While we’re disappointed in the Court’s decision, the wholesale rates at issue remain under review by the CRTC, guided by the federal cabinet’s direction that the original rates were too low. We look forward to seeing the outcome of that process in the near future,” a Bell spokesperson wrote in an email statement to the Wire Report. 

“While the Cable Carriers are disappointed with the Court’s decision not to hear their case, they respect it,” lawyers representing the cable carriers wrote in a statement emailed to the Wire Report. 

“Today’s development does not affect, and is completely distinct from, the CRTC’s review of its Order from August 2019 establishing wholesale rates that the Cable Carriers are permitted to charge to resellers for high speed internet services.” 

In a fourth quarter earnings call on Thursday after the SCC decision, Quebecor CEO Pierre Karl Péladeau likewise pointed to the CRTC. “While we’re disappointed with the court’s decision, it does not change the fact that the CRTC must review its 2019 order and provide cable carriers with reasonable and fair rates as we are the ones investing heavily in telecom infrastructure,” Péladeau said on the call. 

Meanwhile, independent ISPs celebrated the decision. “One can hope that this is a last piece, and we are just waiting on the CRTC,” Competitive Network Operators of Canada (CNOC) chair and Distributel Communications Ltd.
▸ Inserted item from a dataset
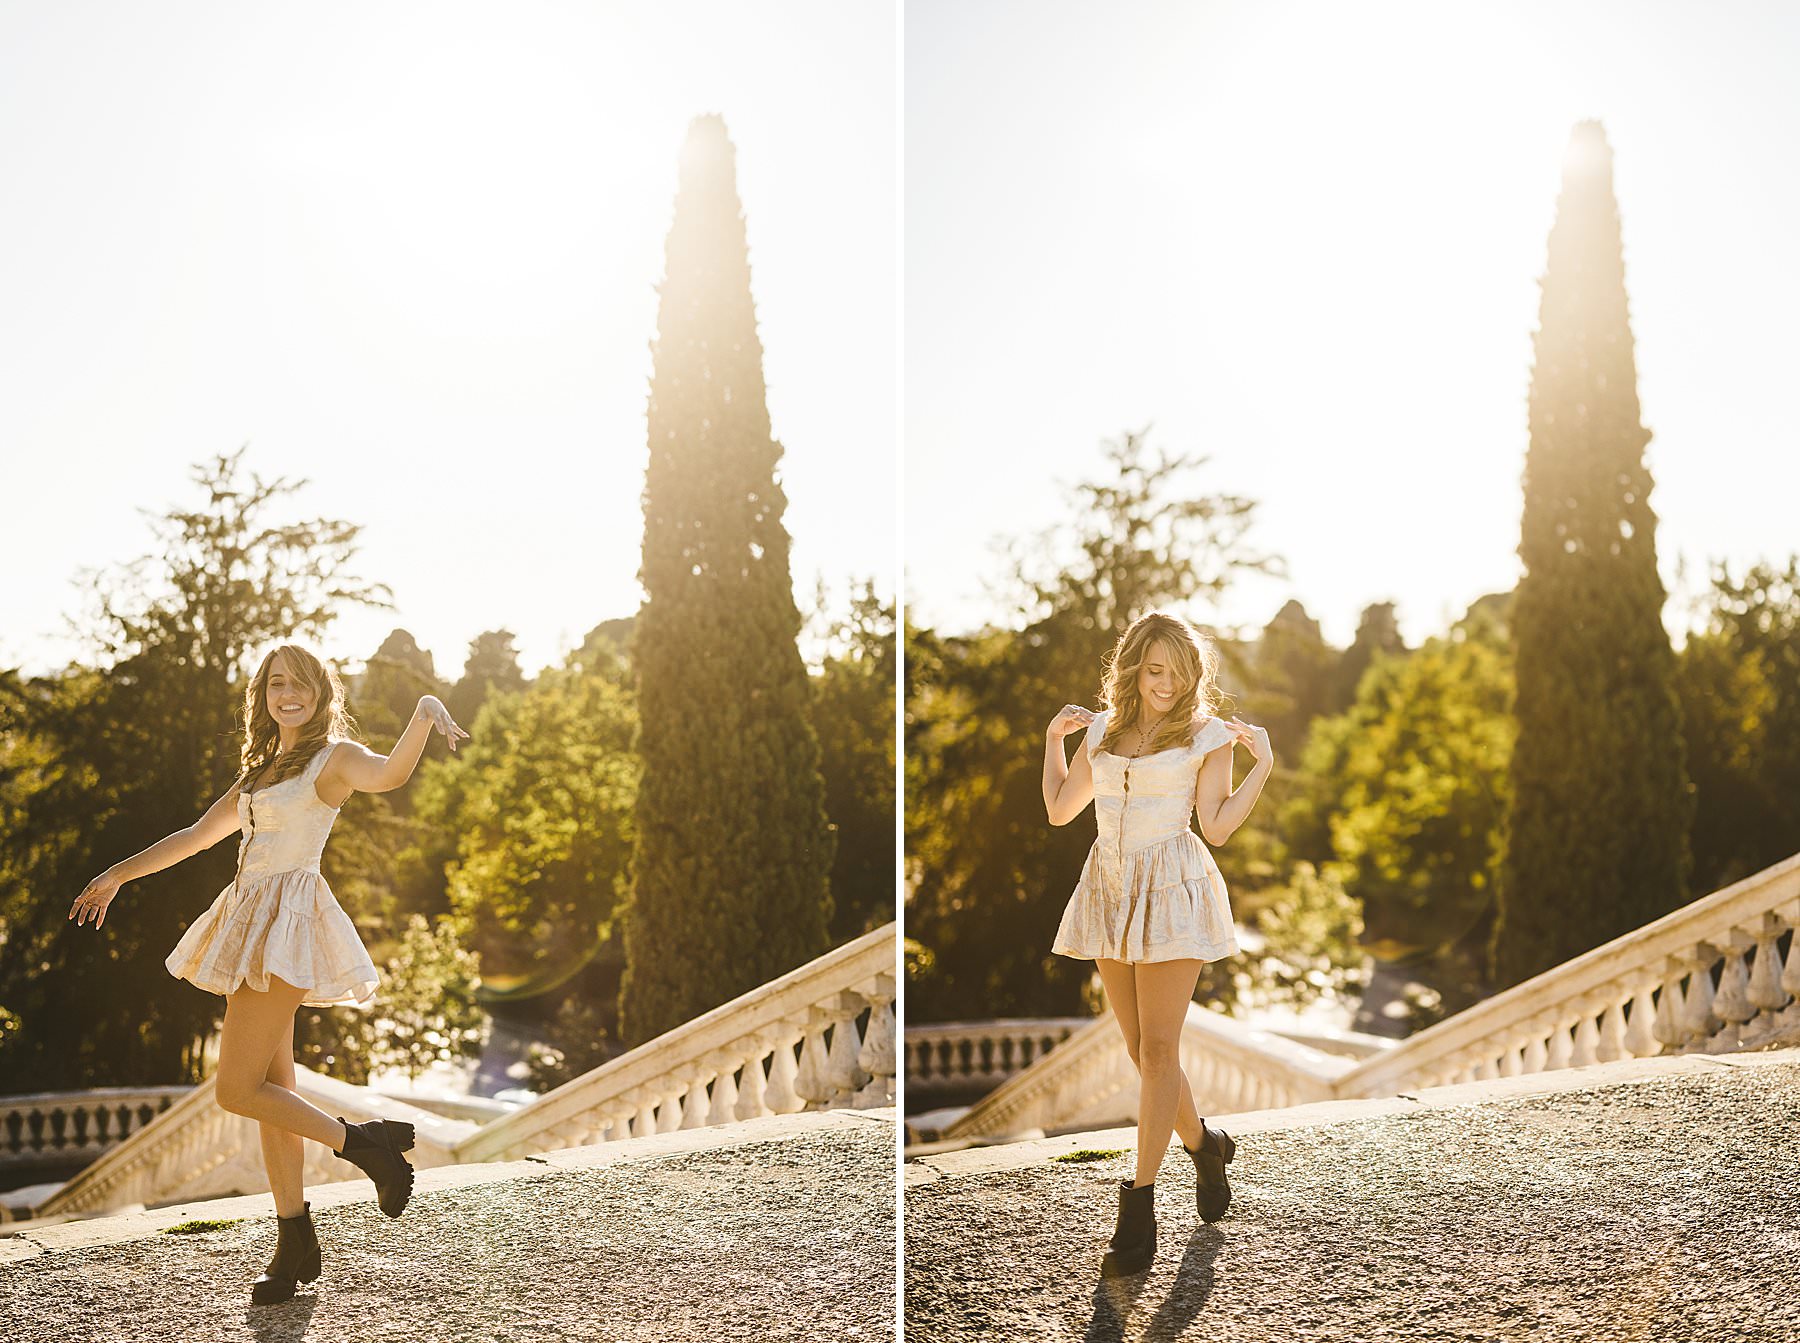 Creative and modern portrait photo shoot in Florence, Italy
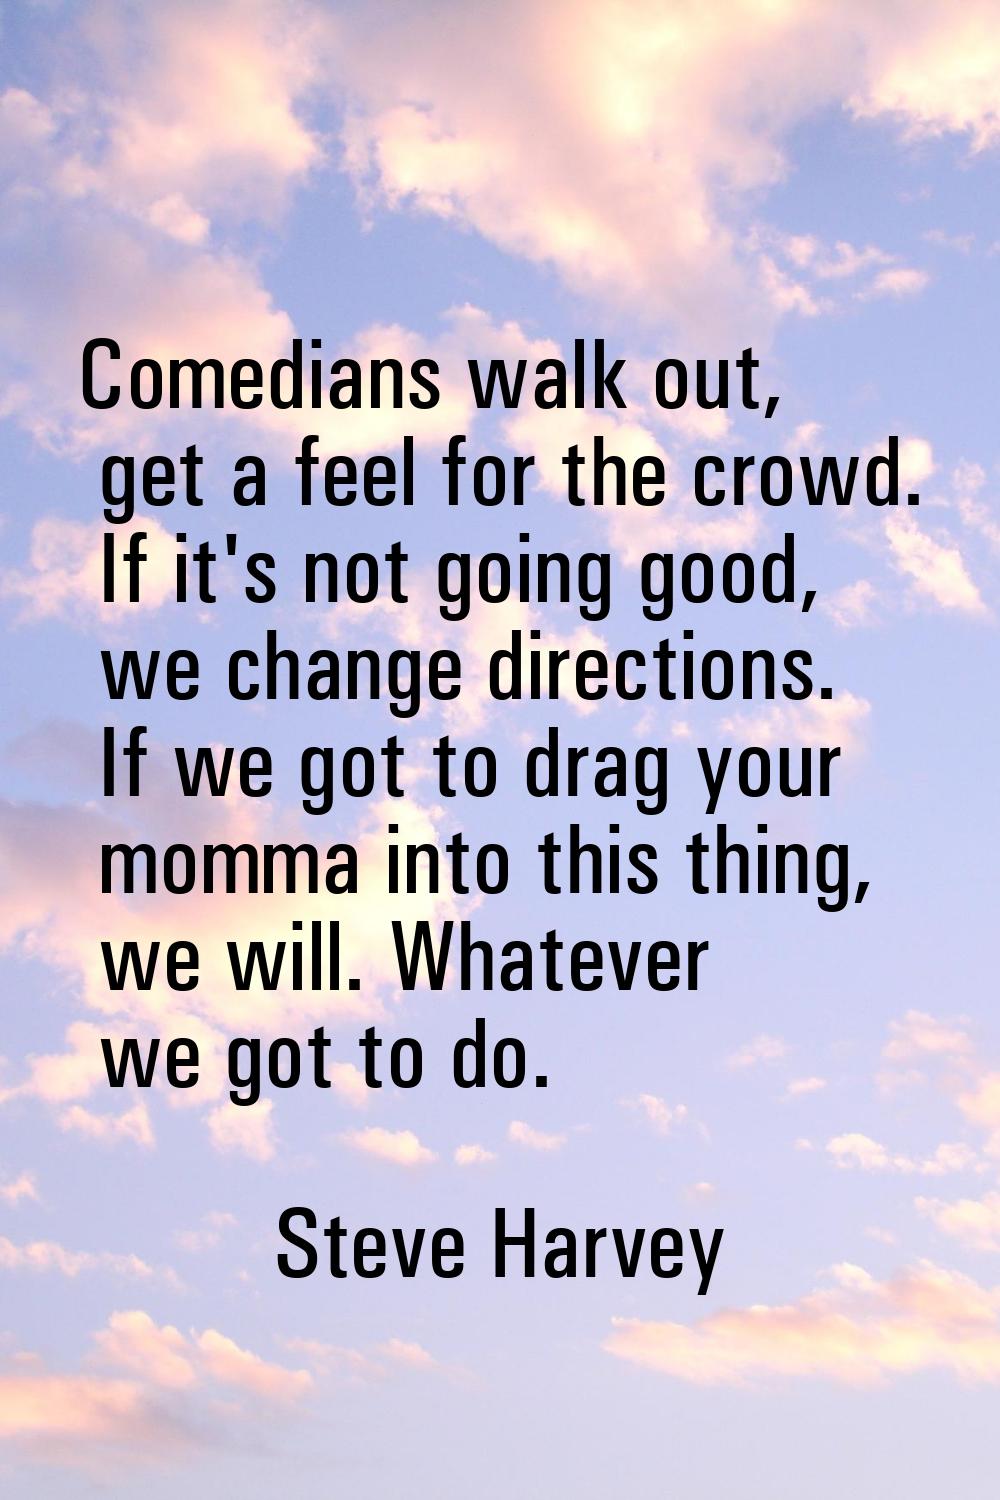 Comedians walk out, get a feel for the crowd. If it's not going good, we change directions. If we g

CEO Matt Stein said in a phone interview. CNOC were respondents in the incumbent court challenge. 

Asked about the possibility of a new round of challenges to any CRTC decision upholding the lower rates, Stein said “if you abuse the court system, and you abuse the federal government’s processes, one can hope that both respond negatively.” 

“I would hope, however, that the CRTC feels quite emboldened. The Federal Court didn’t think that the CRTC did anything wrong, and the Supreme Court didn’t even see an argument. So you would hope that the CRTC now has the will to step up and finish this,” Stein said.

CNOC also filed a letter Thursday with the CRTC asking the regulator to make its decision. “CNOC therefore requests that the Commission forthwith issue its decision on the R and V

Applications, and in so doing, lift the stay of the Order, order the incumbents to file revised tariff pages and immediately issue the required refunds,” the organization wrote in the letter. 

TekSavvy Solutions Inc., the other respondent in the case, also celebrated the dismissal. “The Federal Court of Appeal decision was so clear, that not only was the judgement against the incumbents, but the court gave them a message that they never should have appealed this. It had no merits, and they awarded costs against them at the highest level,” TekSavvy’s vice-president of regulatory affairs Andy Kaplan-Myrth said in a phone interview. 

“It’s not surprising that the court wouldn’t hear an appeal, it’s just unfortunate that it took this long to get to this point.” 

On the prospect of new appeals and petitions in the wake of a review-and-vary decision, Kaplan-Myrth said “if we’re going to be living in a perpetual state of appeals, and the CRTC is effectively unable to actually set and implement rates, then we need to take a fresh look at how rates are set and what appeals are possible.”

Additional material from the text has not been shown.